Two recent studies convincingly demonstrate the efficacy of DNA barcoding to recover biologically significant groupings or species. Within a single morphologically identified skipper butterfly species, DNA barcoding separates 10 cryptic species (Hebert et al, 2004a). These cryptic species differ in larval appearance, food plant or habitat preference. In another recent study, morphologically indistinguishable parasitoid flies (Tachinidae) were shown to be comprised of groups of separate host-specific cryptic species (Smith et al, 2006). In these studies, the extraordinary success of the barcoding technique is due to the tight correlation of ecological data with barcoding-based species clusters. This provides compelling evidence that the new species detected by means of DNA barcoding are genuine, rather than merely methodological artefacts.

The utility of barcoding relies on the assumption that genetic variation within a species is much smaller than variation between species. This assumption was valid in the Hebert studies mentioned above and gave 98–100% species identification success rates (Hebert et al, 2004a, 2004b; Ward et al, 2005; Hajibabaei et al, 2006). However, these studies are probably somewhat biased tests of the method. First, intraspecific variation has usually been underestimated, either because only one to two individuals per species were analysed, or because sampling was carried out within a restricted geographic area. Second, interspecific variation has been overestimated because, for most species, sister taxa (their closest relatives) were not included in the analyses as they do not necessarily occur in the areas over which the sampling was carried out. Both of these factors lead to inflated assignment accuracy rates. In contrast to the Hebert laboratory studies, a minimum assignment error of ∼17% was reported when comprehensive sampling of both inter- and intraspecific variation within cowries species was carried out (Meyer and Paulay, 2005).

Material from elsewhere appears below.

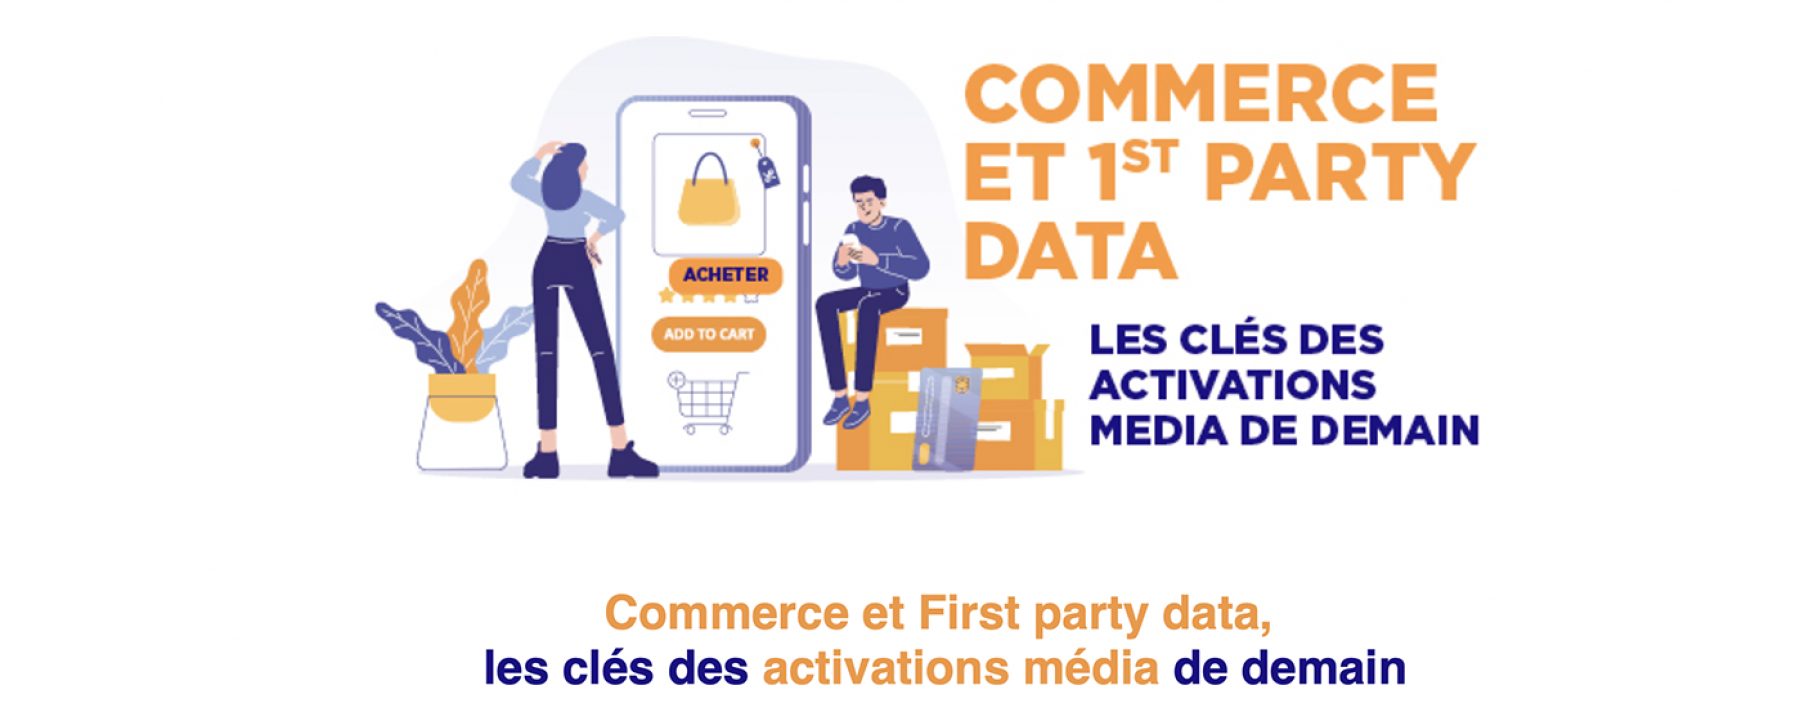 Commerce et 1st party data, les clés des activations media de demain, organisé par Stratégies et Criteo le 11 mai 2021

Another problem with using the barcoding region to identify species is that it is located in the mitochondrial genome, rather than the nuclear genome. The nuclear genome contains the majority of genes and is inherited through both parents, while mitochondrial DNA (mtDNA) is only inherited through females. Factors such as interspecific hybridisation and infection by maternally transmitted endosymbionts such as Wolbachia are known to cause mitochondrial genes to flow between biological species such that species groupings created using mtDNA can differ from the true species groupings (Hurst and Jiggins, 2005).

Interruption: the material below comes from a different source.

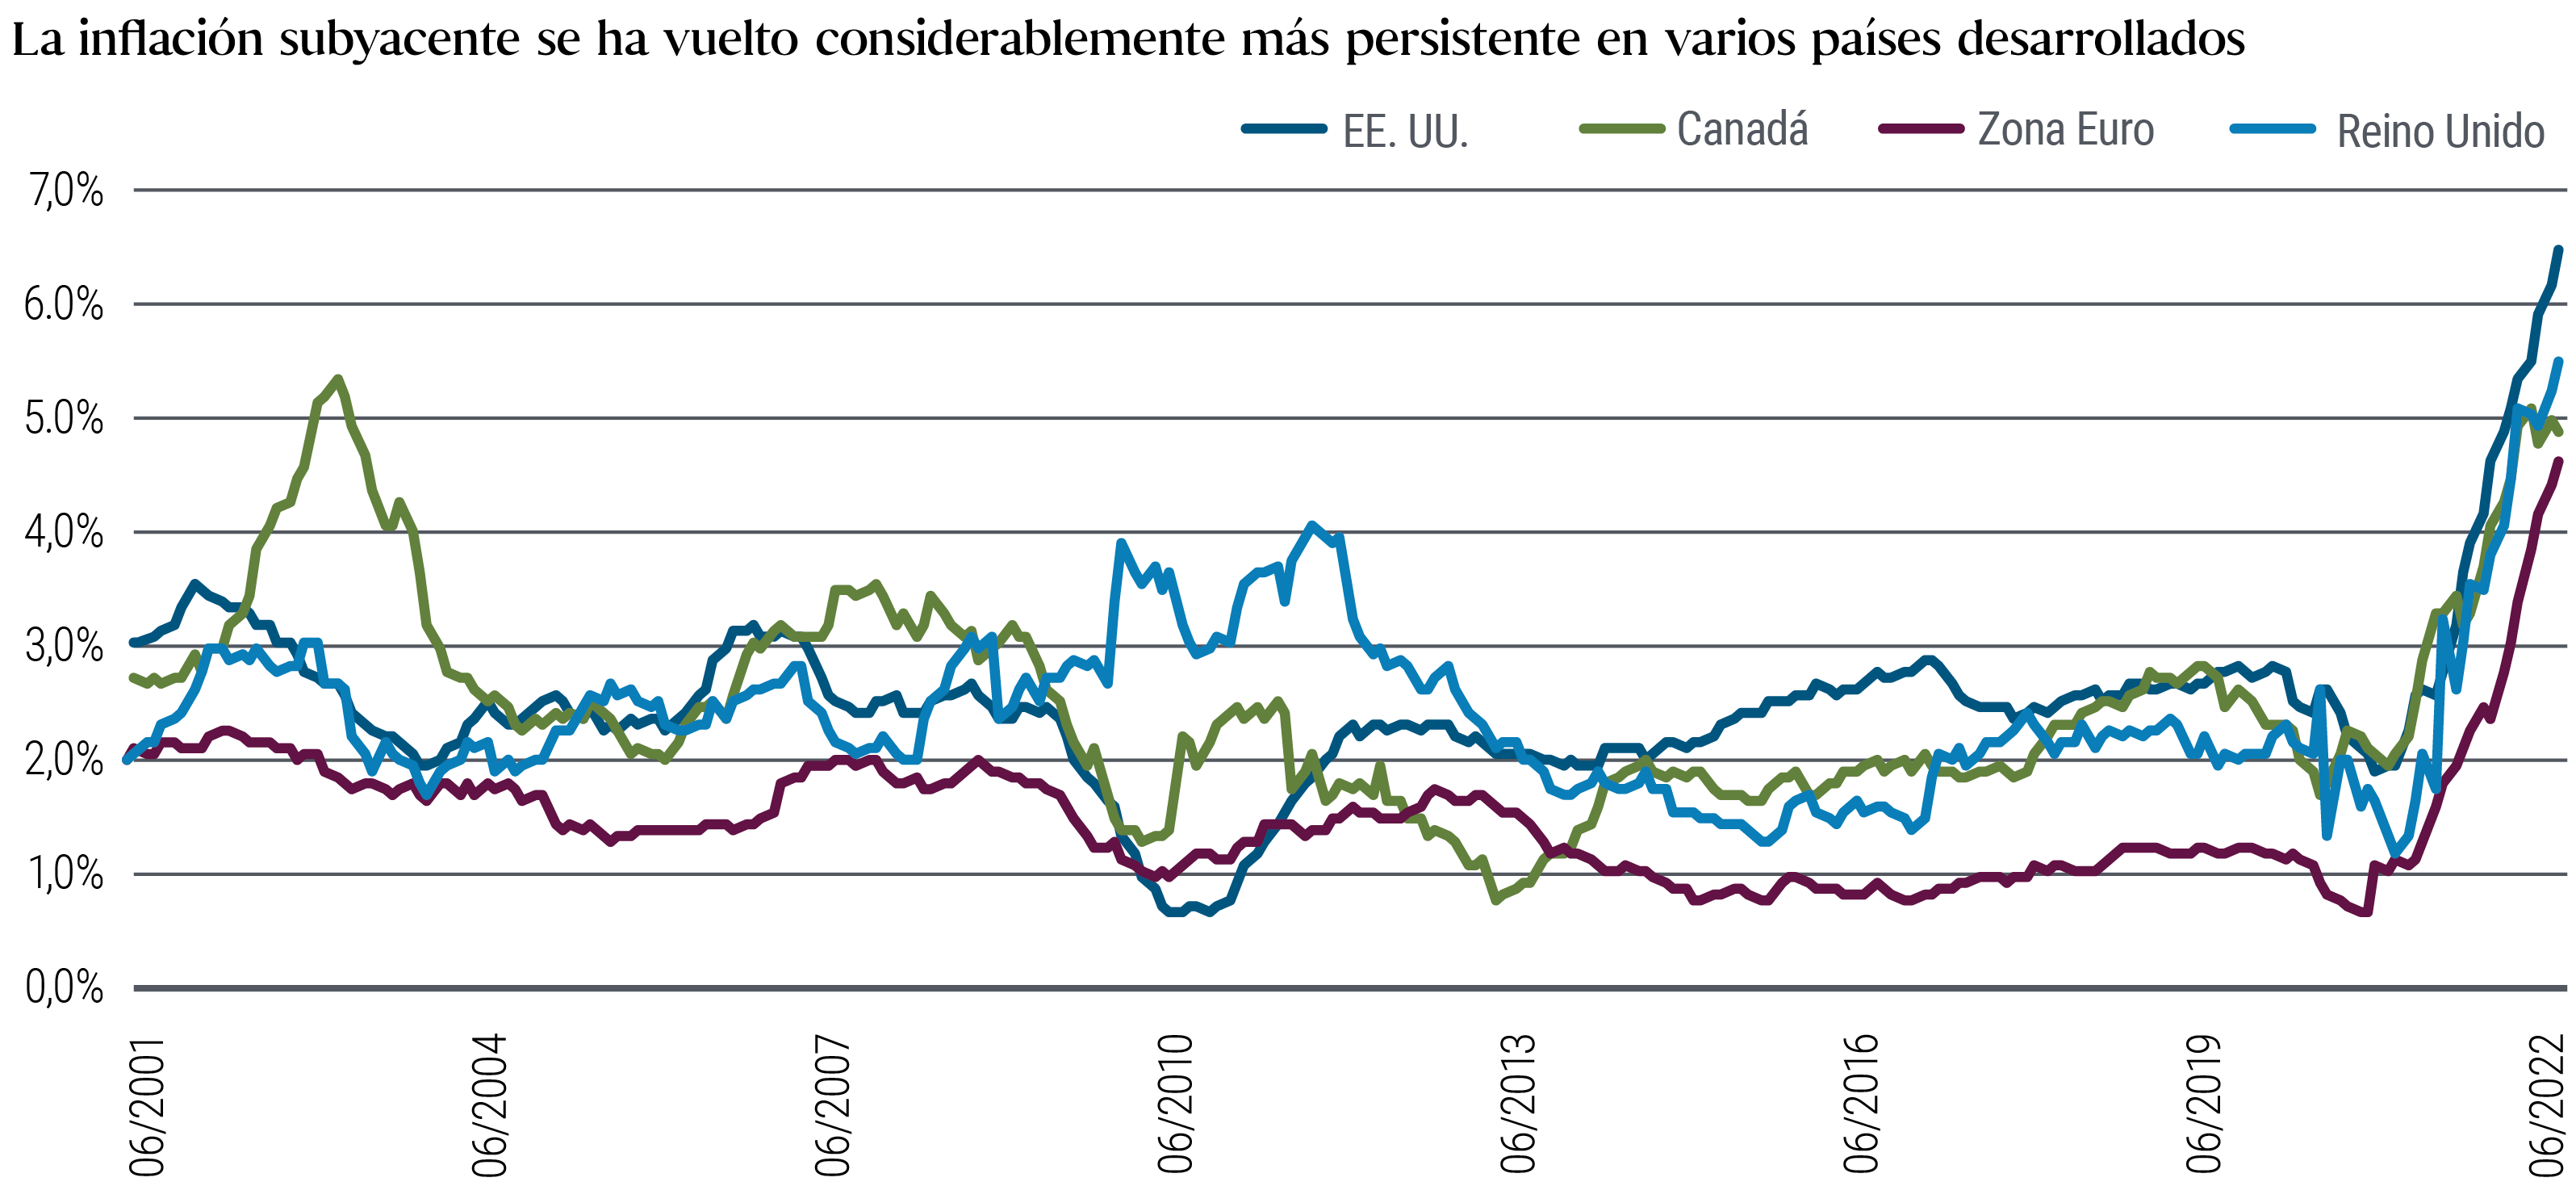 El gráfico de líneas muestra las persistentes tasas de inflación de los precios de los países centrales desde junio de 2001 hasta julio de 2022 en Estados Unidos, Canadá, el Reino Unido y la zona euro. El concepto de inflación «pegajosa» se define debajo del gráfico. Las regiones muestran un significativo repunte del IPC «pegajoso», primero en el Reino Unido a finales de 2020 y después en el resto de países a principios de 2021. A 31 de julio de 2022, el IPC «pegajoso» en Estados Unidos ascendía al 6,5%, lo que supone un aumento desde un nivel inferior al 2% a principios de 2021. En la zona euro, la cifra aumentó al 4,7% a finales de julio, un incremento desde el 0,7% aproximadamente a finales de 2020. El gráfico también muestra cómo la inflación «pegajosa» en todas las regiones se ha desviado recientemente del rango normal exhibido durante cerca de dos décadas.

To bring greater reliability to the identification of species using short DNA sequences, a move should be made to supplement the mtDNA-based barcode with nuclear barcodes. This would reduce the problem of reliance on a single character and help identify cases where mtDNA behaves differently to the nuclear genome. Most molecular phylogenetic studies routinely make use of multiple nuclear genes, so this is by no means a novel idea. However, there is a snag: most nuclear loci used either evolve too slowly to be useful for distinguishing closely related species, or have intron regions rife with insertions and deletions, and require cloning to obtain high-quality sequence information from heterozygotes. The challenge is therefore to find 600–1000 bp long nuclear protein coding regions undisrupted by introns, with rates of evolution fast enough to distinguish closely related species.

Despite the obvious drawbacks of using DNA barcoding, the reported success of using the barcoding region in distinguishing species from a range of taxa and to reveal cryptic species is remarkable. However, it is known that species identification based on a single DNA sequence will always produce some erroneous results. Efforts should therefore be made to develop nuclear barcodes to complement the barcoding region currently in use. As the advantages and limitations of barcoding become apparent, it is clear that taxonomic approaches integrating DNA sequencing, morphology and ecological studies will achieve maximum efficiency at species identification.